Il processo a carico di Gianni Melluso, l’accusatore di Enzo Tortora e noto alle cronache con l’appellativo di “Gianni il bello” sarà al centro del nuovo appuntamento in compagnia di Un Giorno in Pretura, in onda stasera 12 maggio su Raitre. Tutto ha inizio il 16 aprile 2007 con il ritrovamento in un pozzo artesiano a Mazara del Vallo, in provincia di Trapani, di un corpo in avanzato stato di decomposizione appartenente alla donna. La vittima è la 39enne svizzera Sabine Maccarrone e per quell’omicidio fu accusato proprio Gianni Melluso. Il suo nome era già finito in precedenza (ed in numerose occasioni) sulle prime pagine di cronaca nazionale per traffico di stupefacenti e, negli Anni Ottanta, per le false soffiate su Enzo Tortora. Nel corso della trasmissione condotta da Roberta Petrelluzzi saranno ripercorse tutte le fasi della vicenda, dall’accusa di essere il mandante dell’omicidio di Sabine – con la quale aveva intrapreso una relazione amorosa – ai numerosi colpi di scena che intervennero nell’ambito del processo.

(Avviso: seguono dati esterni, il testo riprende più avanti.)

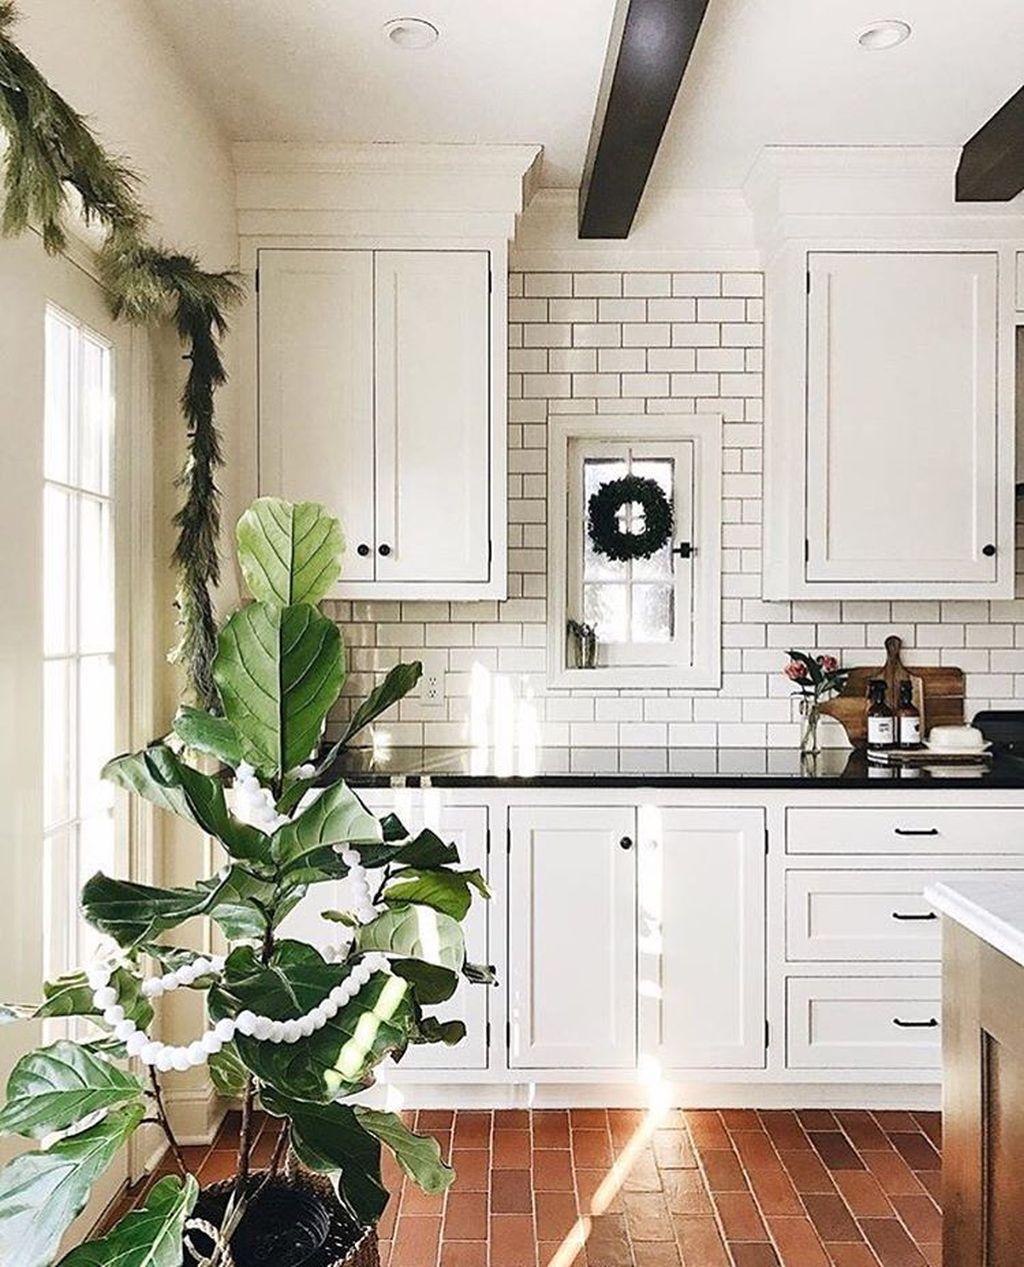 25 brick floor kitchen ideas in 2020 brick floor kitchen kitchen inspiration design kitchen on farmhouse kitchen tile floor id=62898

Condannato il 29 maggio 2015 dalla Corte di Assise di Trapani. Gianni il bello commentò: “Sono stato un rapinatore di banche perché mi piace la bella vita, ma non ho mai ucciso nessuno”. Quasi quattro anni più tardi, nel marzo scorso, ecco l’ennesima svolta con l’annullamento della condanna da parte della Corte d’Assise d’Appello di Palermo inflitta in primo grado. In quest’ultima occasione la Corte ha anche disposto la scarcerazione di Melluso.



GIANNI IL BELLO: PROCESSO PER L’OMICIDIO DI SABINE MACCARRONE

Per il delitto di Sabine Maccarrone resta in carcere Giuseppe D’Assaro, indicato da Gianni Melluso come il possibile autore sin dal giorno successivo al ritrovamento del cadavere della donna in un pozzo artesiano in contrada San Nicola. Gianni il bello ammise di aver avuto con la vittima una relazione ed al tempo stesso giurò di non aver avuto alcun motivo per ucciderla. Quando però D’Assaro fu arrestato, quest’ultimo decise di vendicarsi di Melluso e, pur ammettendo l’omicidio di Sabine accusò Gianni il bello di esserne stato il mandante. Da qui prese il via il processo di primo grado con una sentenza all’ergastolo poi ribaltata dalla corte d’Appello per un delitto che ad oggi resta con un solo colpevole. D’Assaro fu condannato a 30 anni di reclusione. In riferimento a Melluso, invece, ancor prima di essere coinvolto nel caso di omicidio il suo nome rimase (e continua ad esserlo) connesso alle accuse su Enzo Tortora, il conduttore protagonista di una gogna mediatica e che portò al suo arresto il 17 gennaio 1983. Ciò fu possibile dopo una presunta “soffiata” di Melluso che, dopo essere partito dalla Sicilia già all’età di 15 anni compiva i suoi primi passi a Milano, ai confini della mala lombarda. Una volta maggiorenne fu coinvolto in una serie di episodi criminali, tra rapine e traffici di droga. Ma per il delitto di Sabine, hanno stabilito i giudici Palermitani, “il fatto non sussiste”.